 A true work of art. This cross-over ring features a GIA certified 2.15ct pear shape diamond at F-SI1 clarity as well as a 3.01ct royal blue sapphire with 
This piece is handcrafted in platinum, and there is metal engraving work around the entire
***
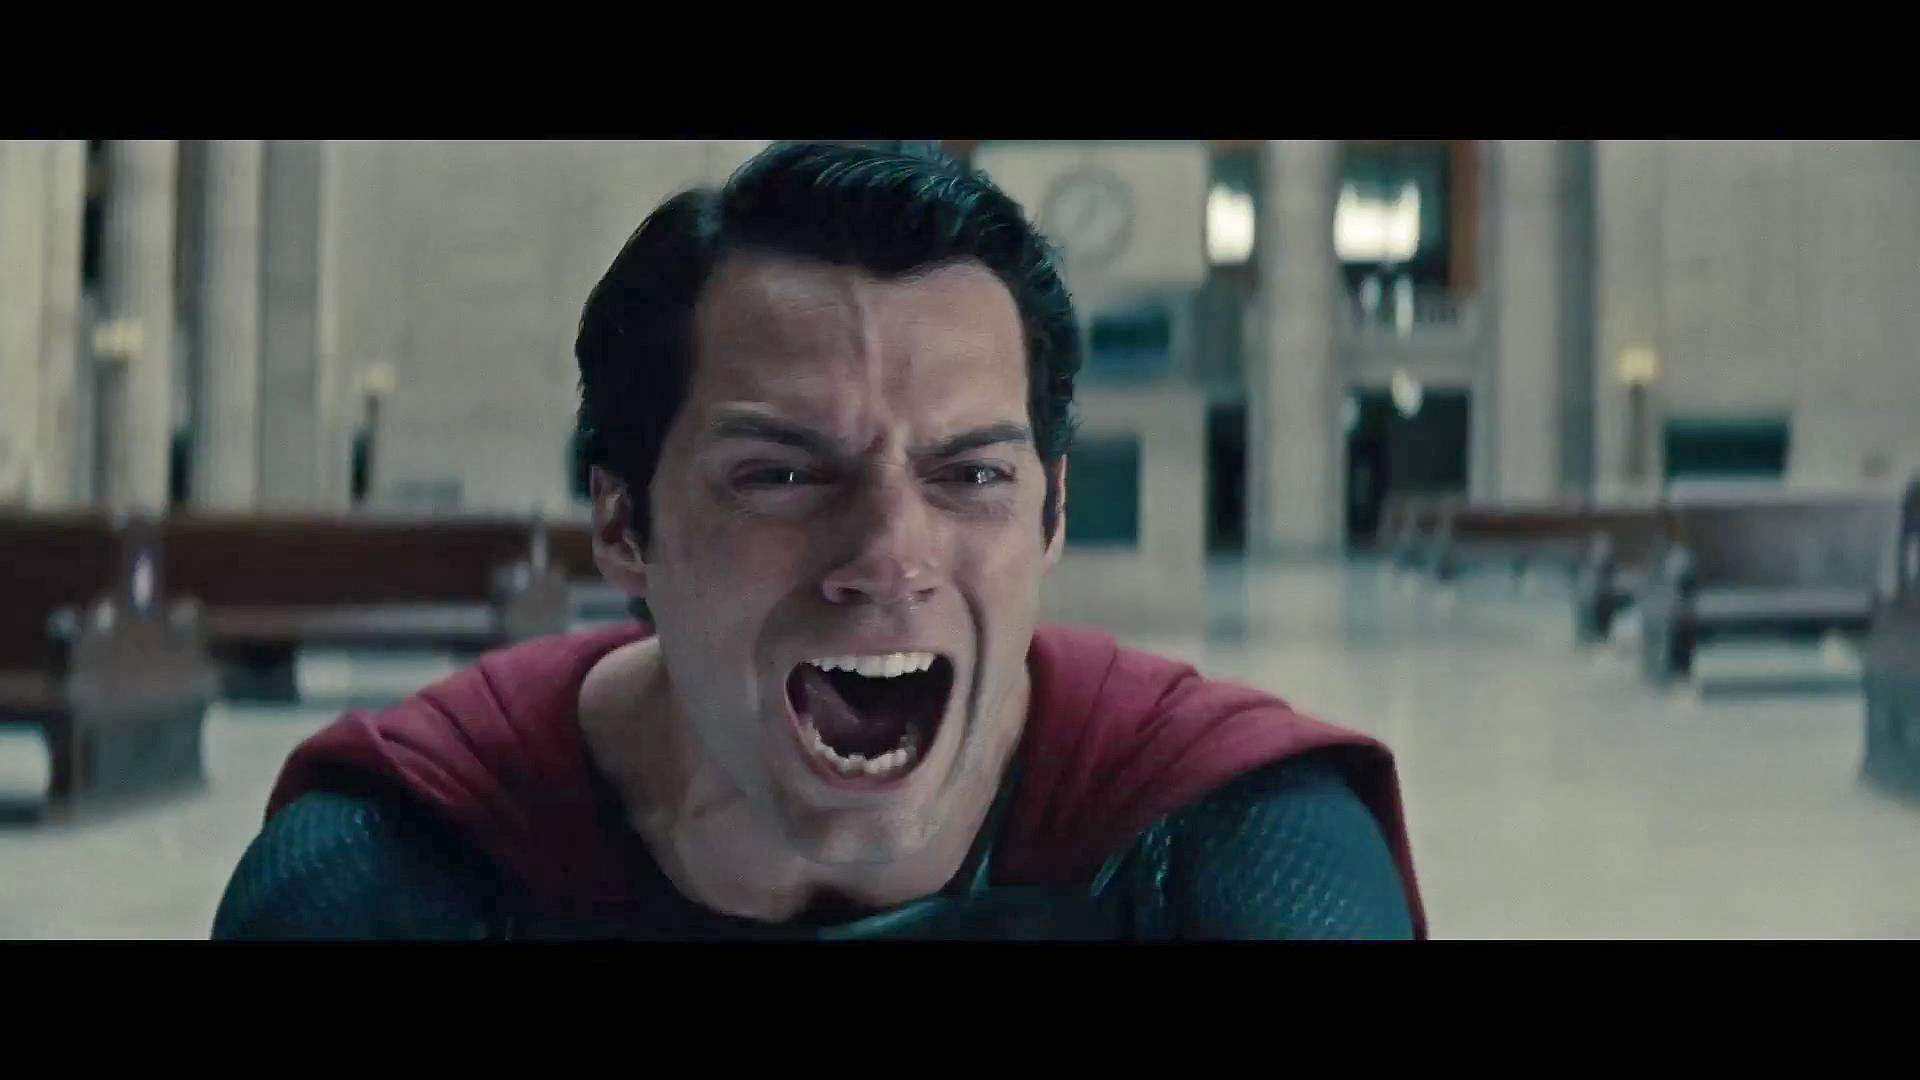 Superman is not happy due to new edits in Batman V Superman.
***
● EXERCISE PROMPT: Your task is to copy every line in the entries that holds the string "This".

● SOLUTION:
 A true work of art. This cross-over ring features a GIA certified 2.15ct pear shape diamond at F-SI1 clarity as well as a 3.01ct royal blue sapphire with 
This piece is handcrafted in platinum, and there is metal engraving work around the entire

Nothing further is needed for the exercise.